The White House
If there were such thing as political malpractice, the president's people would be guilty of it.
How can a smart guy be this dumb?
Last week, I defended the Obama administration over what I consider to be overblown criticism of the admittedly botched rollout of the online system to help people choose among health care exchanges.
But while I believe the Affordable Care Act will soon become rooted as part of the American welfare state (and I mean that as a good thing) right along with Social Security and Medicare, there's no question that the president and his team have badly messed up the politics of this launch.
It is baffling. A political operation that is pristine when it comes to packaging and electing Obama the candidate turns bumbling or is absent altogether in selling the president's policies. If there were such thing as political malpractice, the president's people would be guilty of it.
Right from the start, the Republicans began pummeling "Obamacare" as a huge government "take over" of health care, when in fact it was nothing of the sort.
In fact, some of us did want a government take over of health care and were disappointed when it didn't happen. After all, we already have successful government run health care in Medicare and Medicaid, which are actually far more efficient than private insurance systems. But even a faint echo of the single payer system I preferred, a "public option" on the exchanges, was shot down.
If there was any overreach on Obama's part, it was his extended attempt to try and get any Republican support at all for his program to solve a problem that has nagged America for generations. In the end, the president settled for this cobbled together version of Mitt Romney's plan, and he got no GOP support at all in the end. In fact, he got relentless and effective opposition.
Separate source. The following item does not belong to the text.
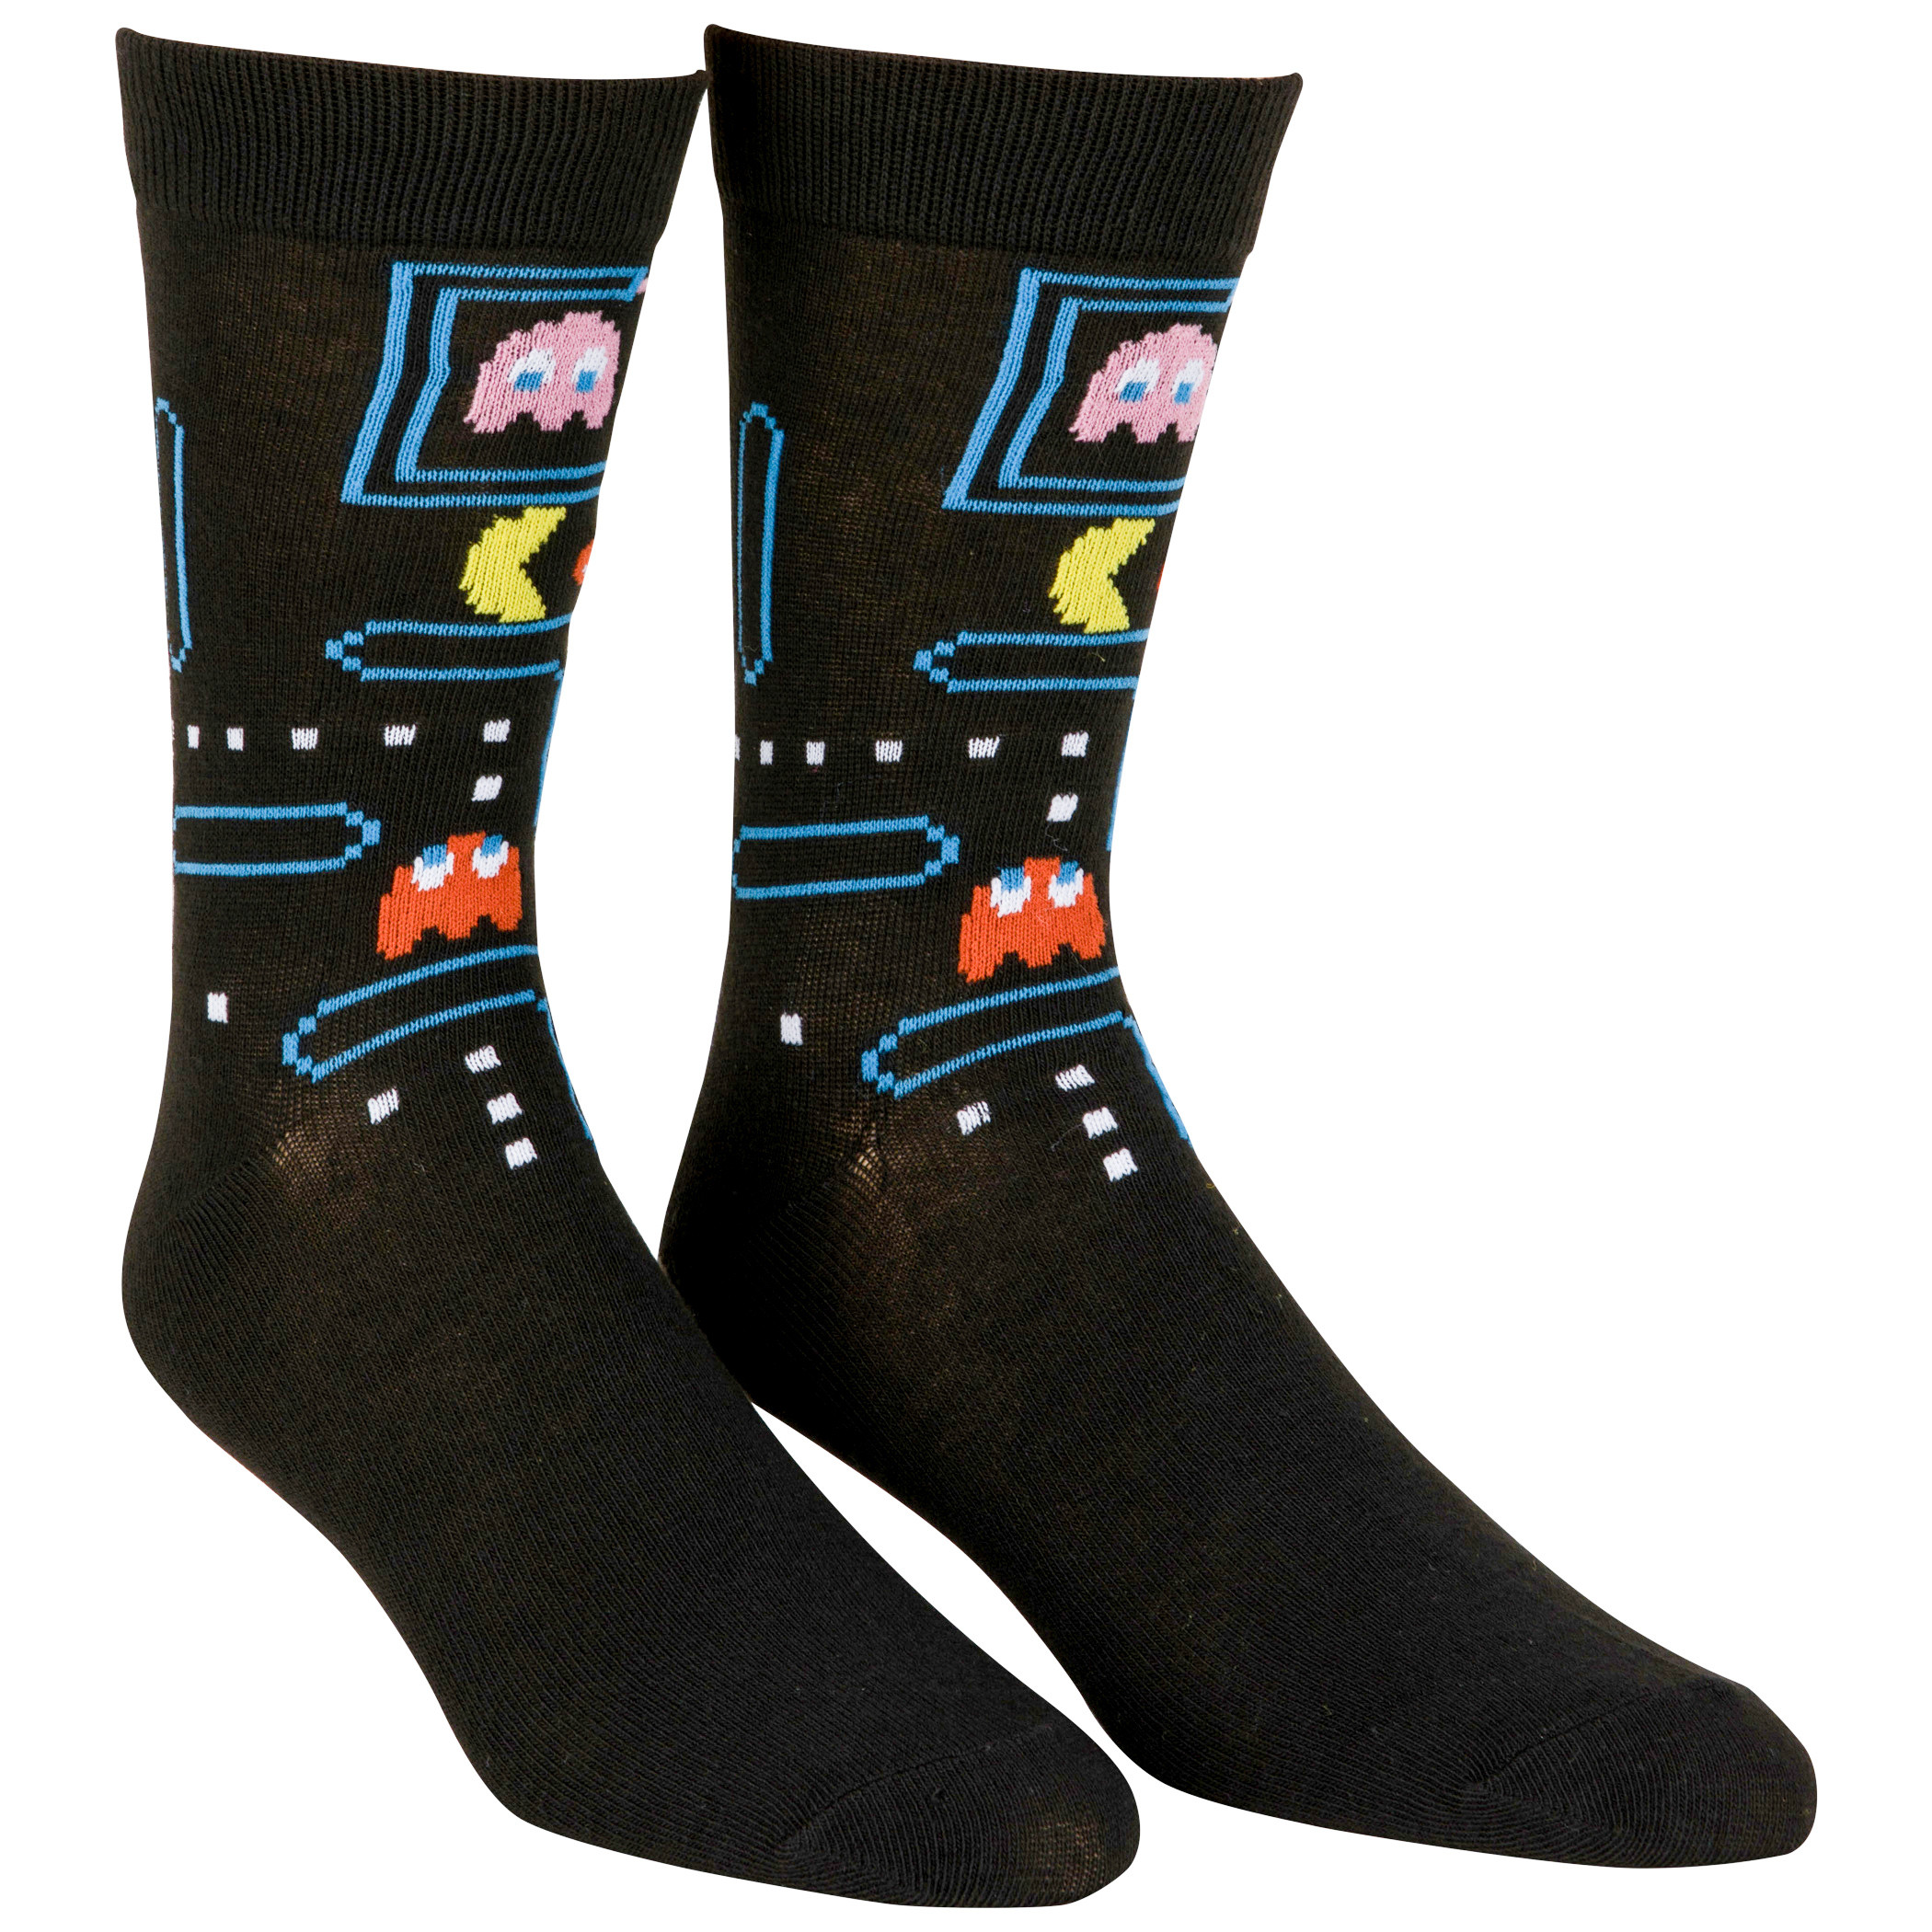 Pac-Man Maze and Logo Men's Crew Socks 2-Pack
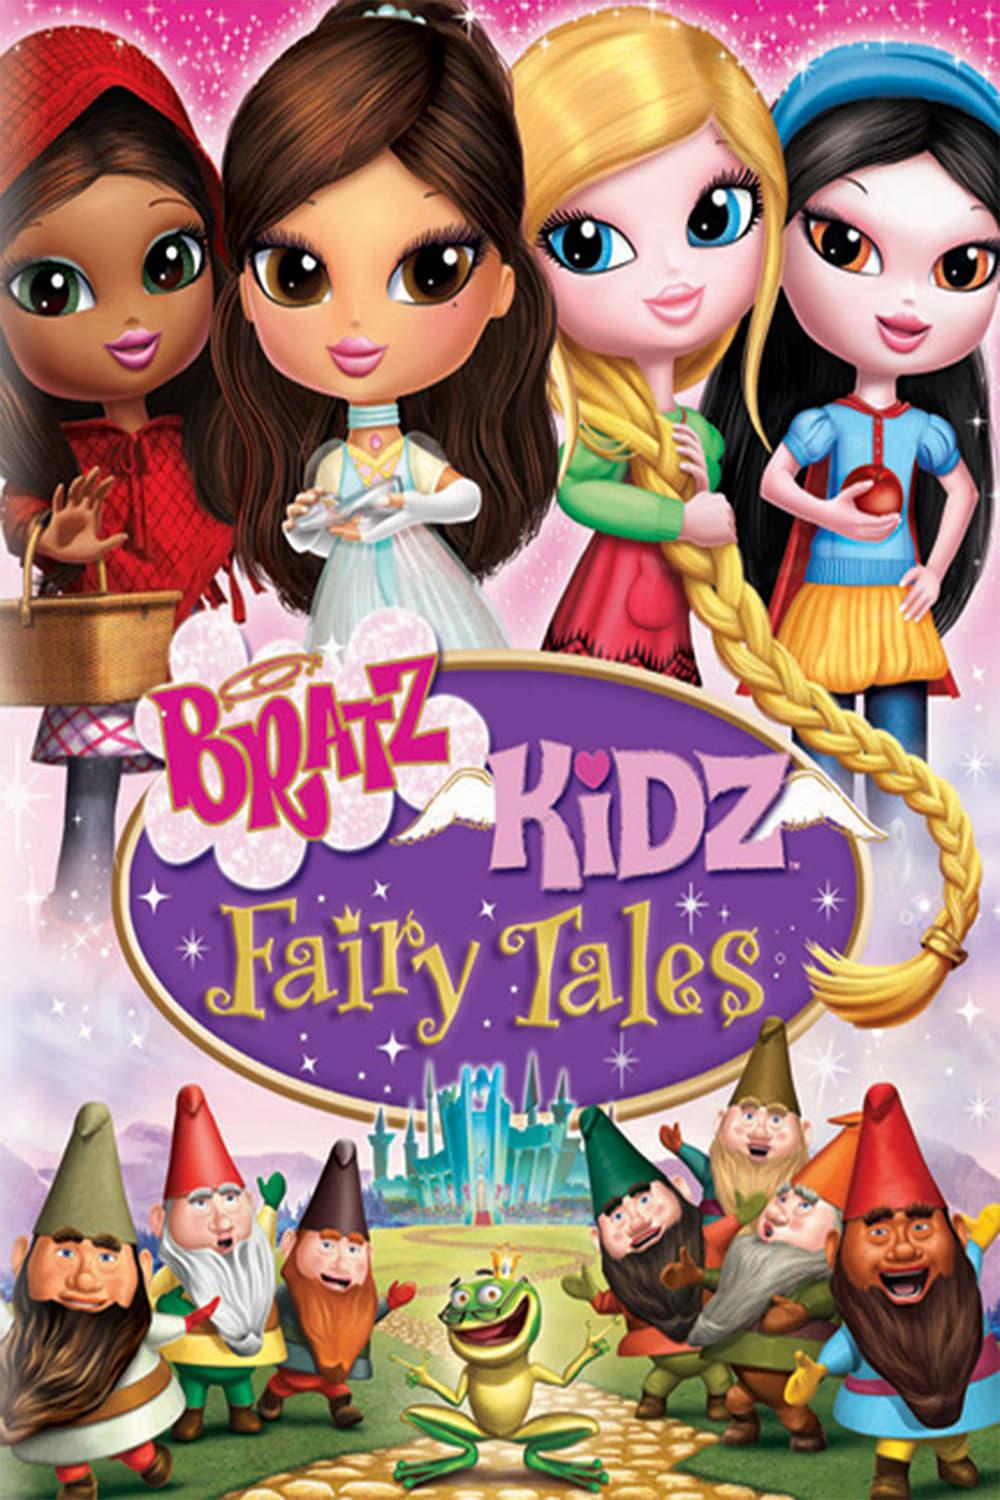 Bratz Kidz: Fairy Tales poster

But here's the thing. Obamacare is likely to work. Or, at the very least, it will make health care one heck of a lot better than what we've had. Tens of millions of Americans who haven't had insurance will have it now. No one can be denied coverage for an existing condition. Because the healthy and not-so-healthy will be covered together -- which is why we need a mandate that everyone have insurance -- costs for most Americans will go down.
The one glaring fault in Obamacare is the lack of any real mechanism to control overall costs in the system. The U.S. will still spend about 16% of its gross domestic product on health care while much of the rest of the developed world with their "government-run" systems will spend about 10%.
Believe it or not, the ACA is even a popular program. Republicans like to point out that only 43% of Americans say they support Obamacare. They fail to point out that 16% would support something stronger like a government-run single-payer system. In other words, almost six of ten Americans support this plan or something more like the successful public programs in Canada and Europe.
And if you ask Americans about each of the components of Obamacare, support skyrockets to 88% in some cases, like the provision to help small businesses pay for health insurance for their employees. In fact, of eleven parts of the law, only one provision has less than 57% support. The problem is that that one provision -- the requirement that every person have insurance, which is supported by only 40% of Americans -- is the one aspect of the law that is known by the most Americans.
So, back to my original question. How can a president and his people who are so good at winning elections be so bad at selling the central accomplishment that is the result of winning those elections? Why is it that only 52% of Americans even know about the law's most popular provision while 74% know about its least popular? Whose fault is that?
You can't blame the Republicans (much) for doing what opposition parties do. You can blame the Democrats for letting them get away with it for so long.I can only speculate that this complacency comes from the man himself. Obama is as dispassionate and removed a leader as you will find. He seems to labor, even after five years in office, under the misconception that people are as informed and reasonable as he is, and that political fights, once won, will stay won without constant tending.
In fact, Obamacare has survived through the narrowest passages of luck and circumstance. The horrible government shutdown we have just come through would probably not have happened if Obama and his people had kept selling his health plan hard and continuously from the day of its passage. Why they didn't is as mysterious as the man himself.